The finely tuned light guides and shape of the reflector curvature is critical in that and unique in the market.
Now most of the third party "dishes" will deliver a round core shadow surrounded by a bright ring with
sharp defined beam edges - the exact opposite of what a beauty dish is meant to be.
If yours is among those is easy to check. Position it sideways and then slowly turn it towards you.
When peaking over the front edge you can see the flash tube or COB element of any LED fixture,
yours isn't a beauty dish, yours is a fraud. It will create the dreaded ring with sharp beam edges.
Your best/only option then is to use a front diffuser with only half or even quarter stop cloth,
discard the inner baffle/textile deflector and slap on a good grid.
This will give you an approximation of the center spot plus fall-off, but it won't give
you the close-up quality.
Lighttools in Canada ( https://lighttools.com/pages/we-control-light ) makes some of the finest
softgrids on the market, but prepare for your wallet to weep bitterly.

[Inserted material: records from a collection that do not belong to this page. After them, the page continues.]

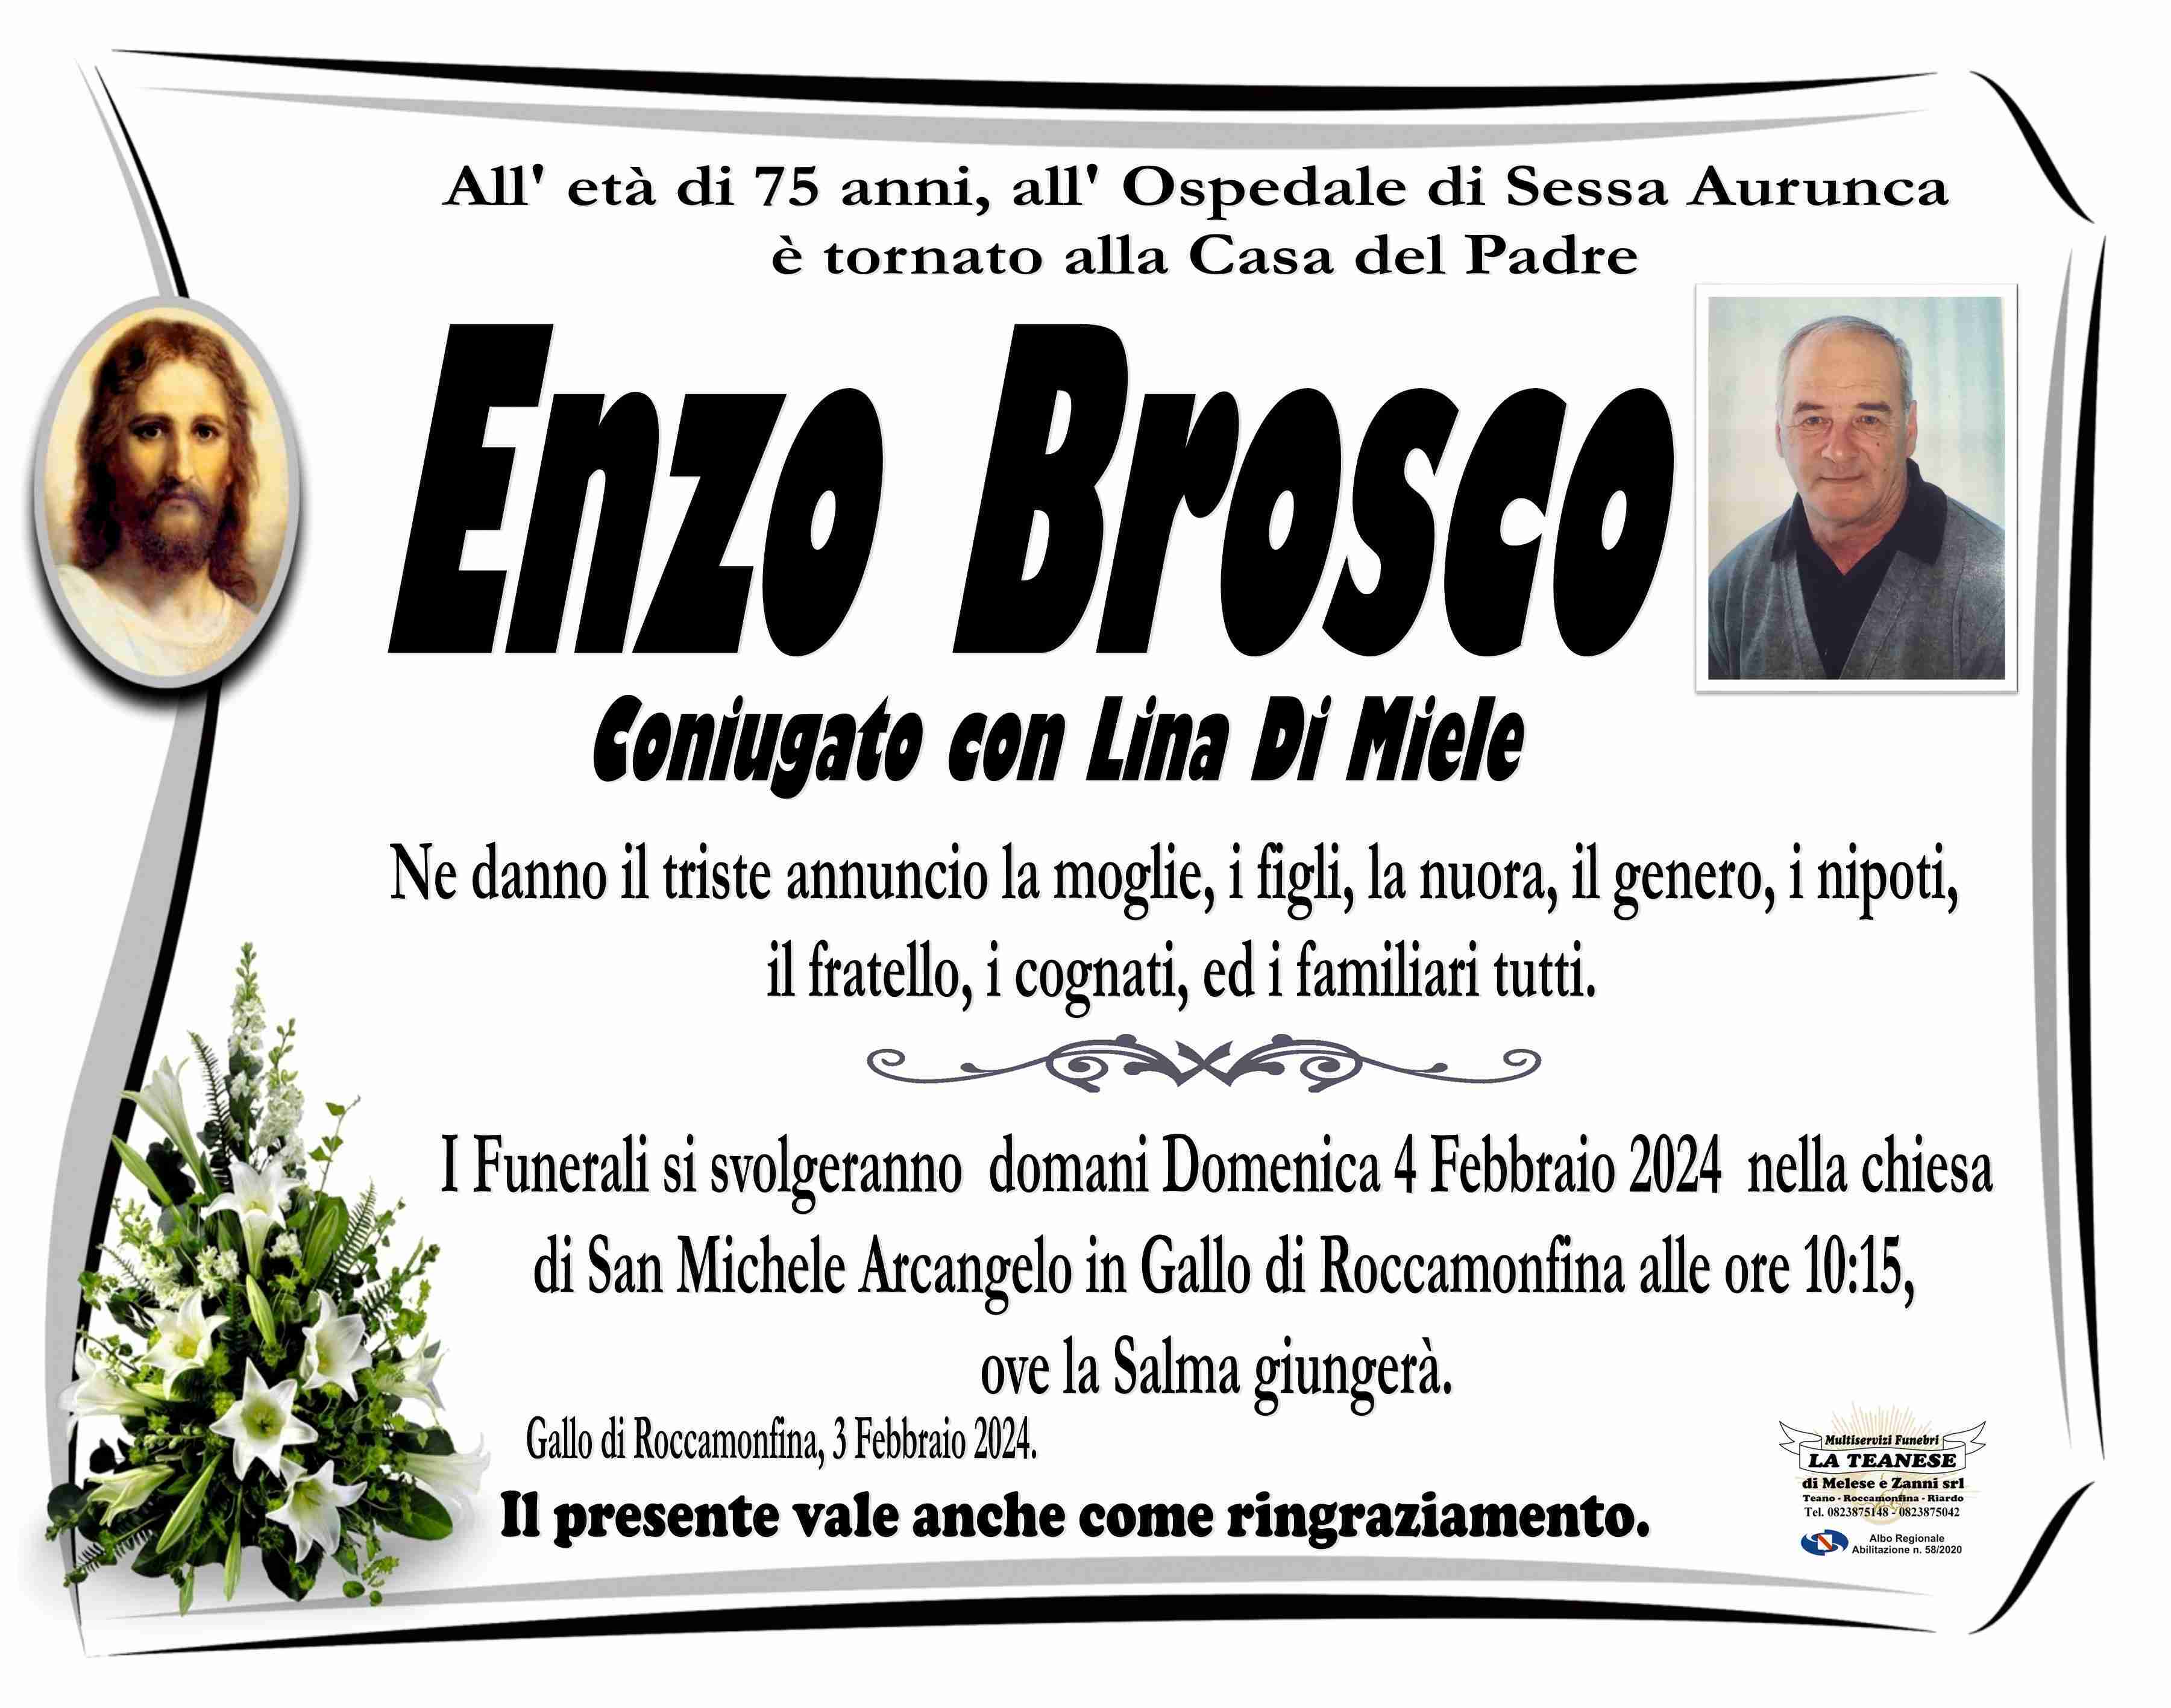 Enzo Brosco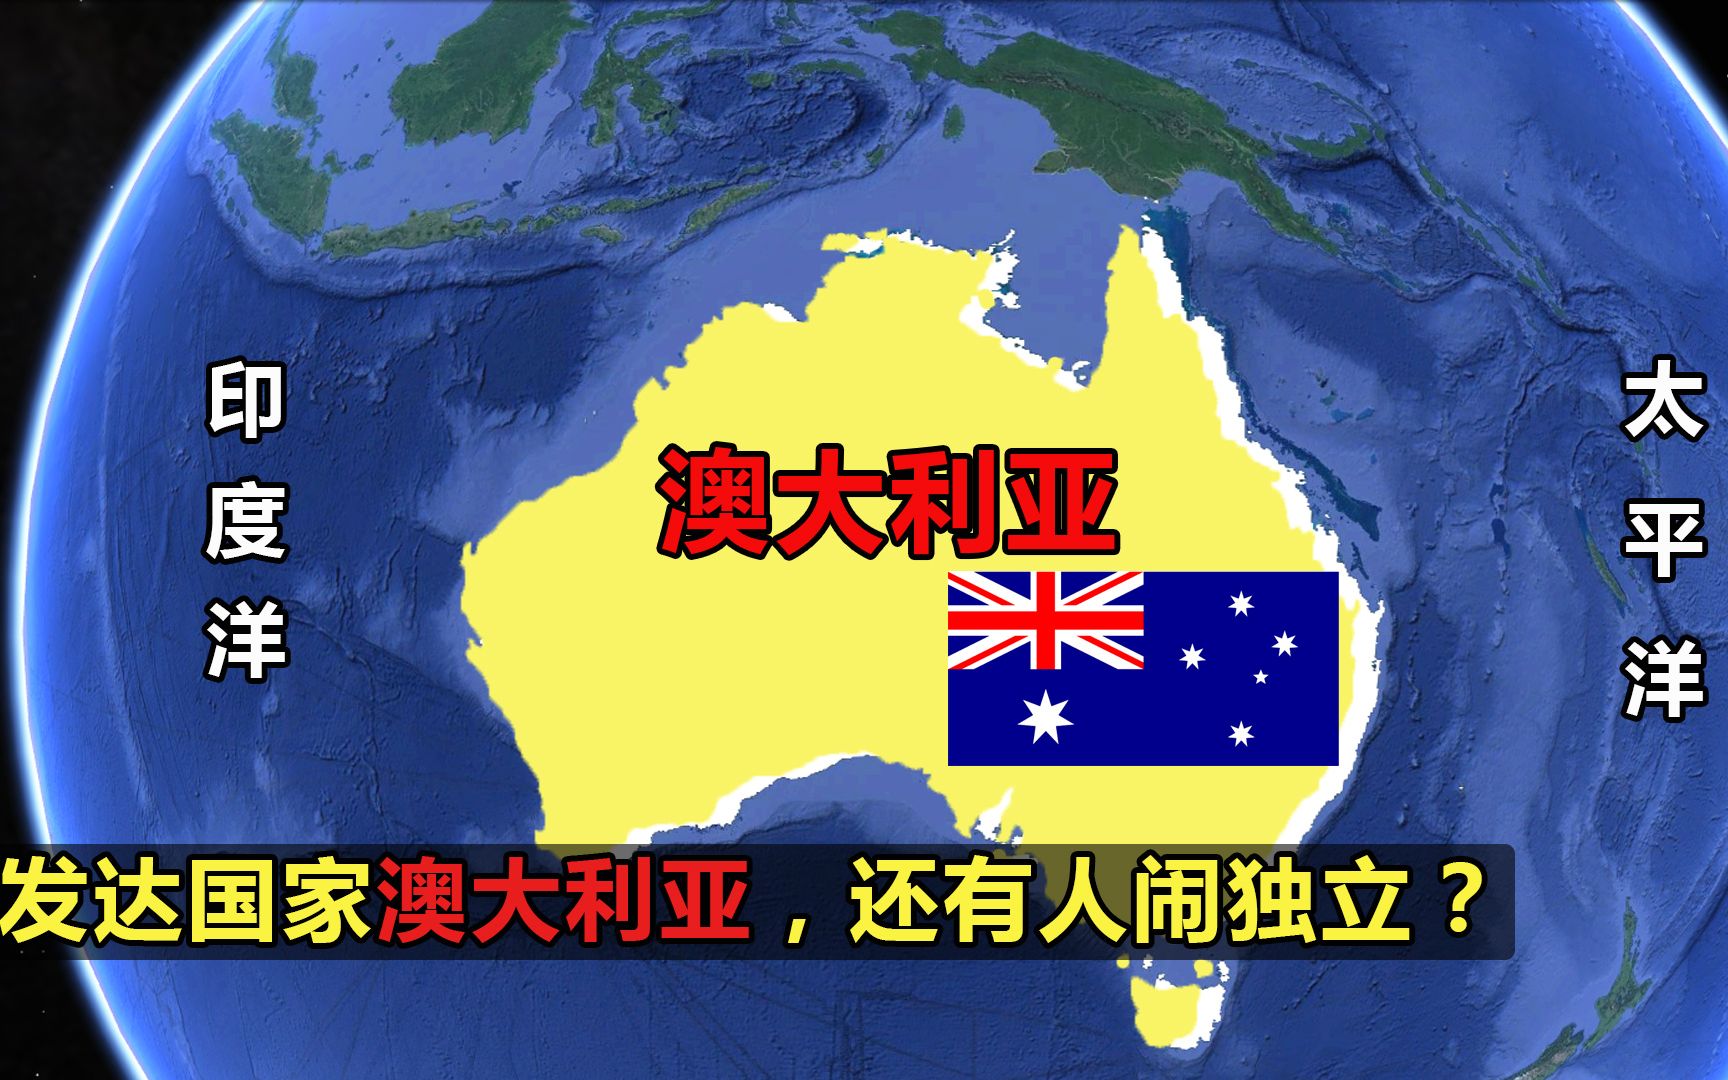 澳大利亚独占一个大陆的国家物产资源丰富还有人呼吁脱澳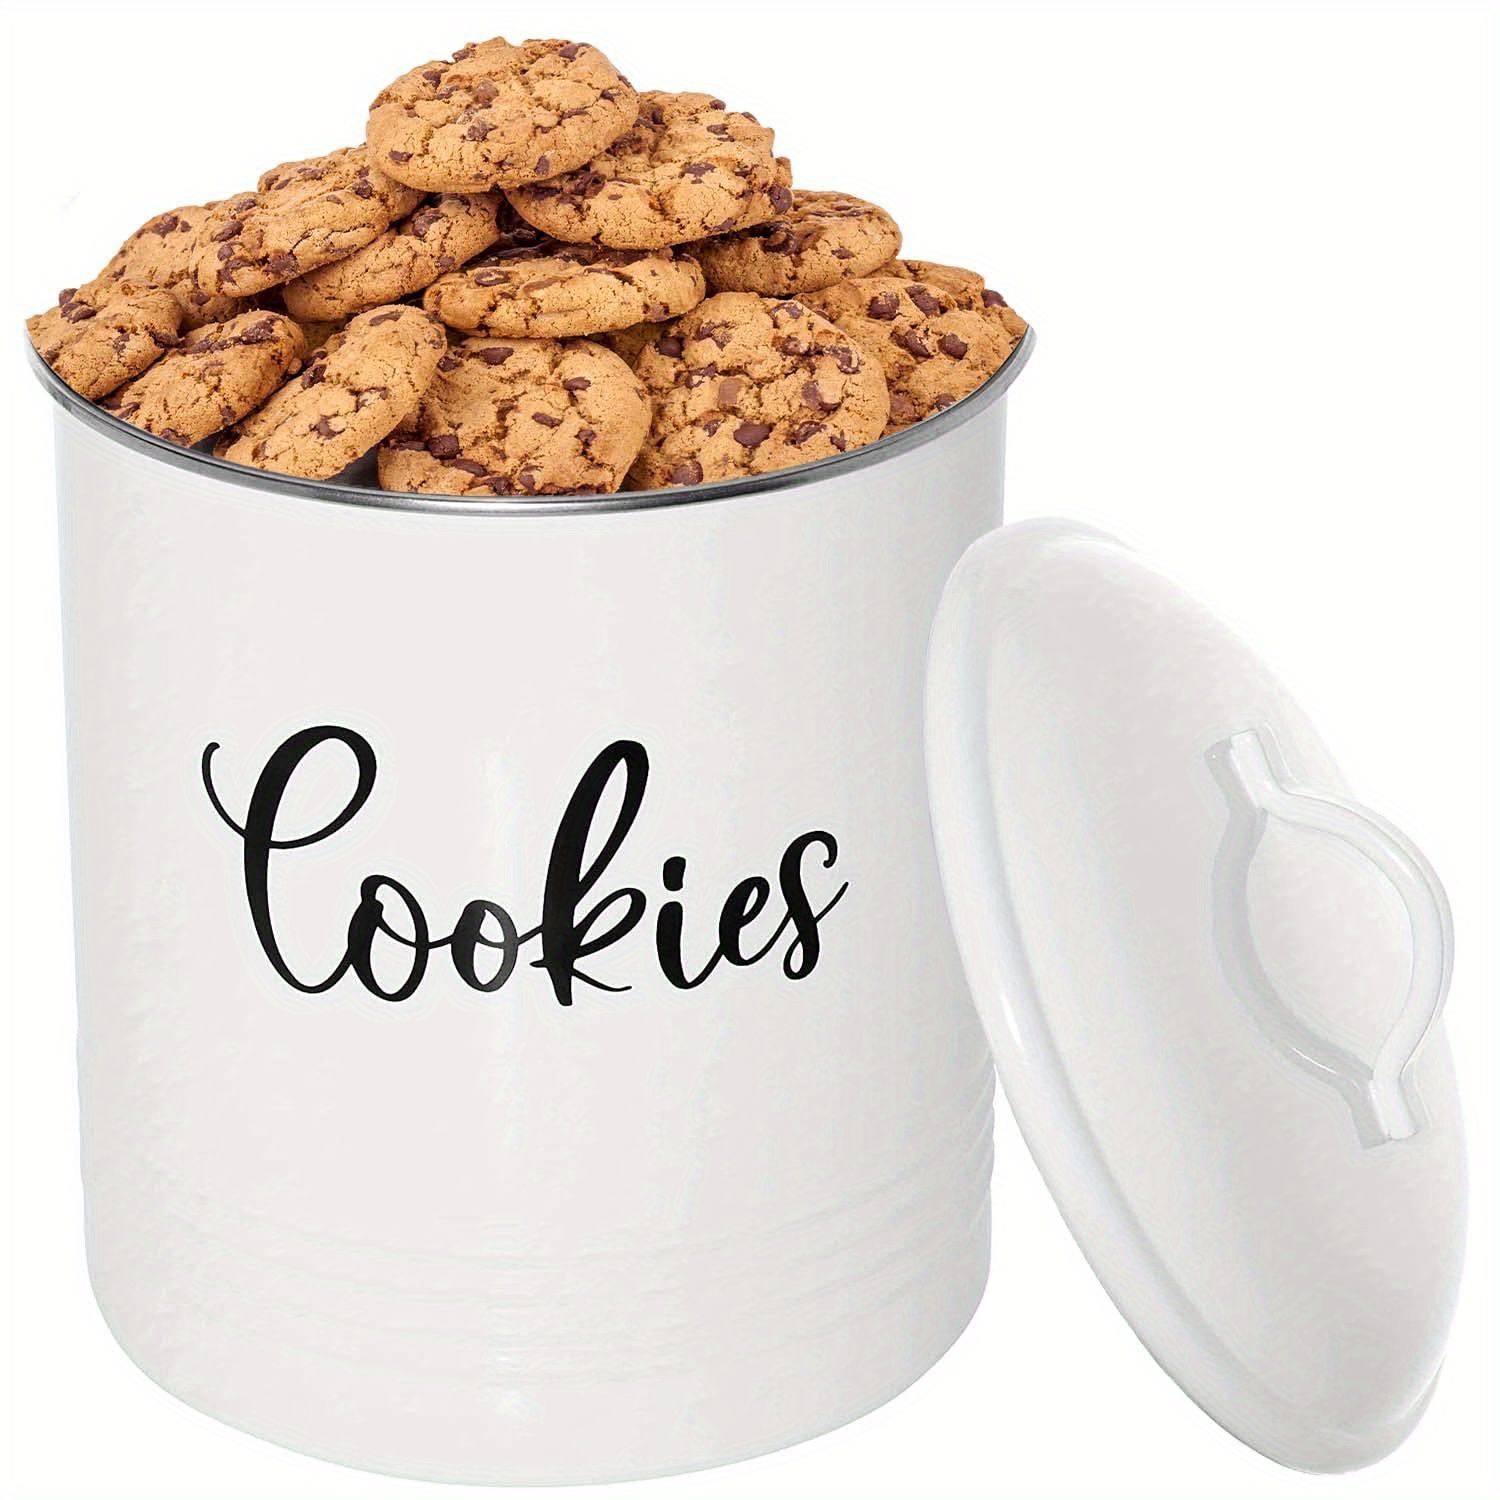 Personalized Farmhouse Ceramic Cookie Jar, Personalized Cookie Jar,  Personalized Treat Jar, Family Kitchen Decor, Ceramic Jar -gfyU1333215X

I once considered using plastic straws glued in a bundle to make a grid for a speedlite. Maybe that approach has some mileage for you?
Simon Carter said
I once considered using plastic straws glued in a bundle to make a grid for a speedlite. Maybe that approach has some mileage for you?
Like the idea of- with the size of my beauty dish I’d need an awful lot of them but great idea
NickH2 it wouldn’t be that bad. Glue whole straws into hexagonal bundles. Chop into slim hexagons with a fine saw. Then glue those hexagons together.
Find a suitable size and spray matt black ... and possibly white one as well to experiment with - hexagonal grid
Simon Carter said
Lightingman any fine grid will.
True, but the thickness of the aluminium used to make the grid cells is very thin, the straws, by comparison have much thicker walls, cutting the light down considerably. The straws would have to be black, of course, if they were clear or ‘white’ they’ll just act as a diffuser.
Be careful of melting/burning on straws. Depends on your lighting of course, but if it gets hot, straws will at best deform and worst catch fire, if they are plastic. If they are paper, then if they go, will go quite fiercly.